• Task description:
Repeat verbatim what the listing holds, but not its pictures.

*** Dataset excerpt Section Begins ***

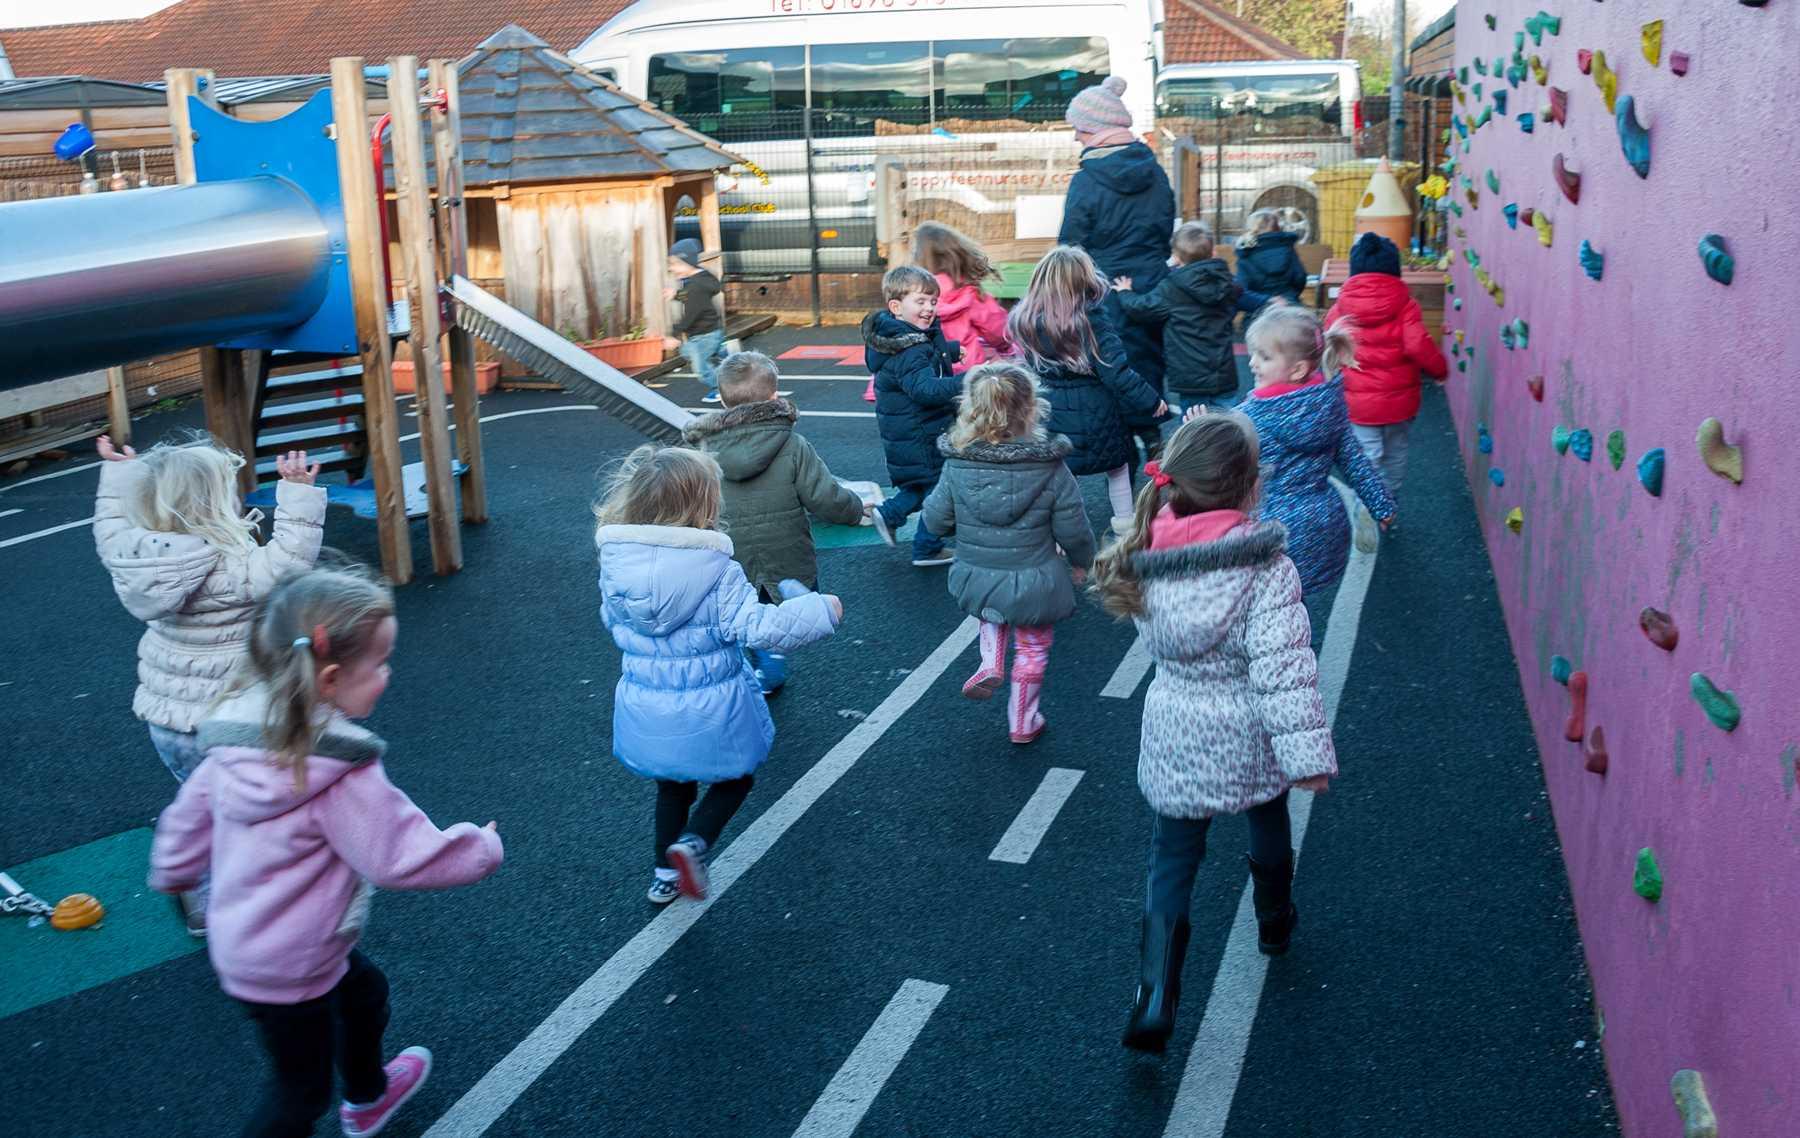 Active Play Area at Happy Feet Nursery - children running
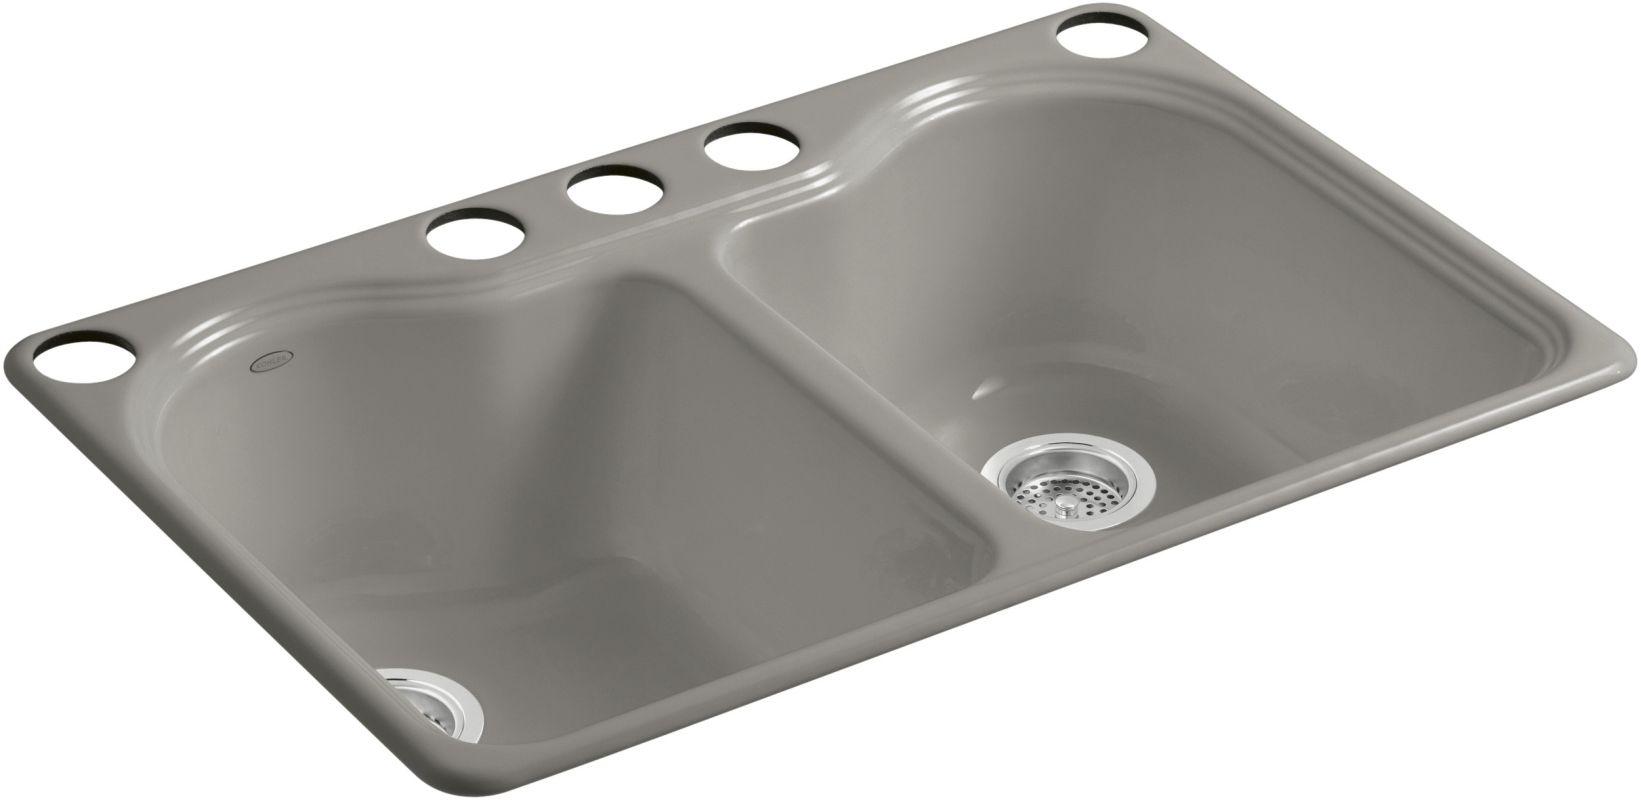 Undermount Kitchen Sink To Fit A  Inch Cabinet
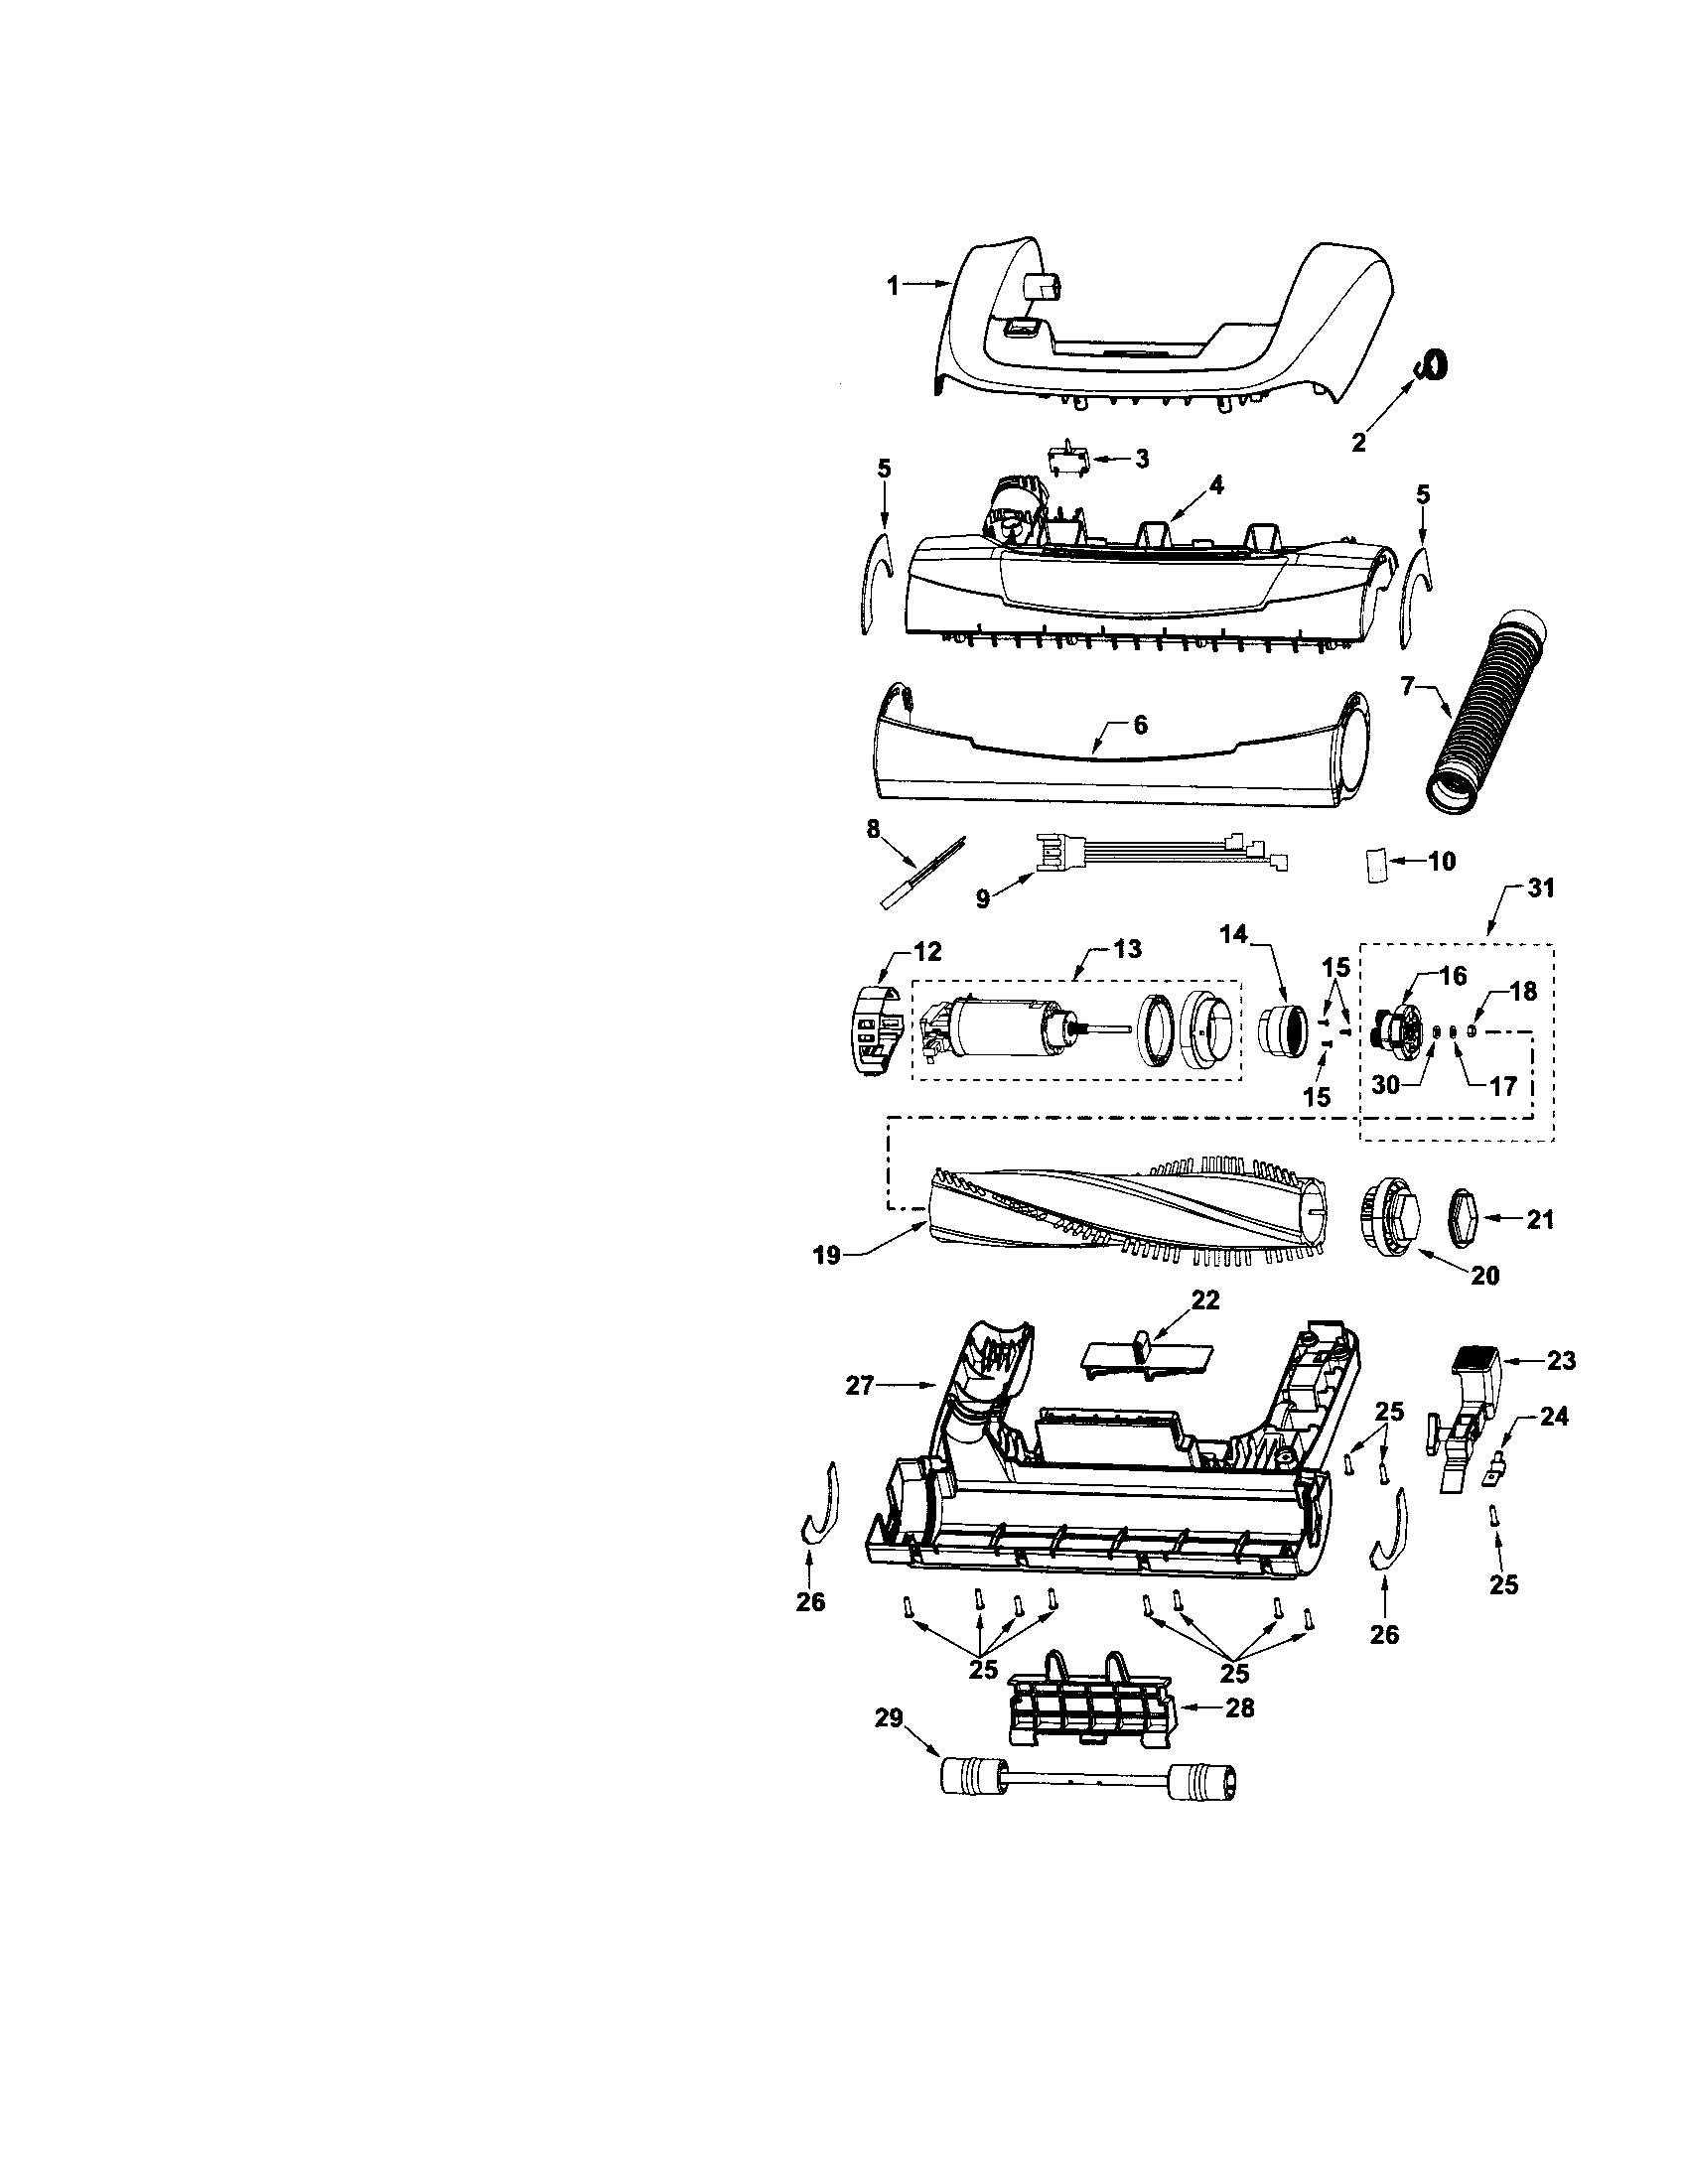 Vacuum Parts: Kenmore Parts Vacuum Model 116

*** Dataset excerpt Section Ends ***

• Written response:
 Active Play Area at Happy Feet Nursery - children running
 Undermount Kitchen Sink To Fit A  Inch Cabinet
 Vacuum Parts: Kenmore Parts Vacuum Model 116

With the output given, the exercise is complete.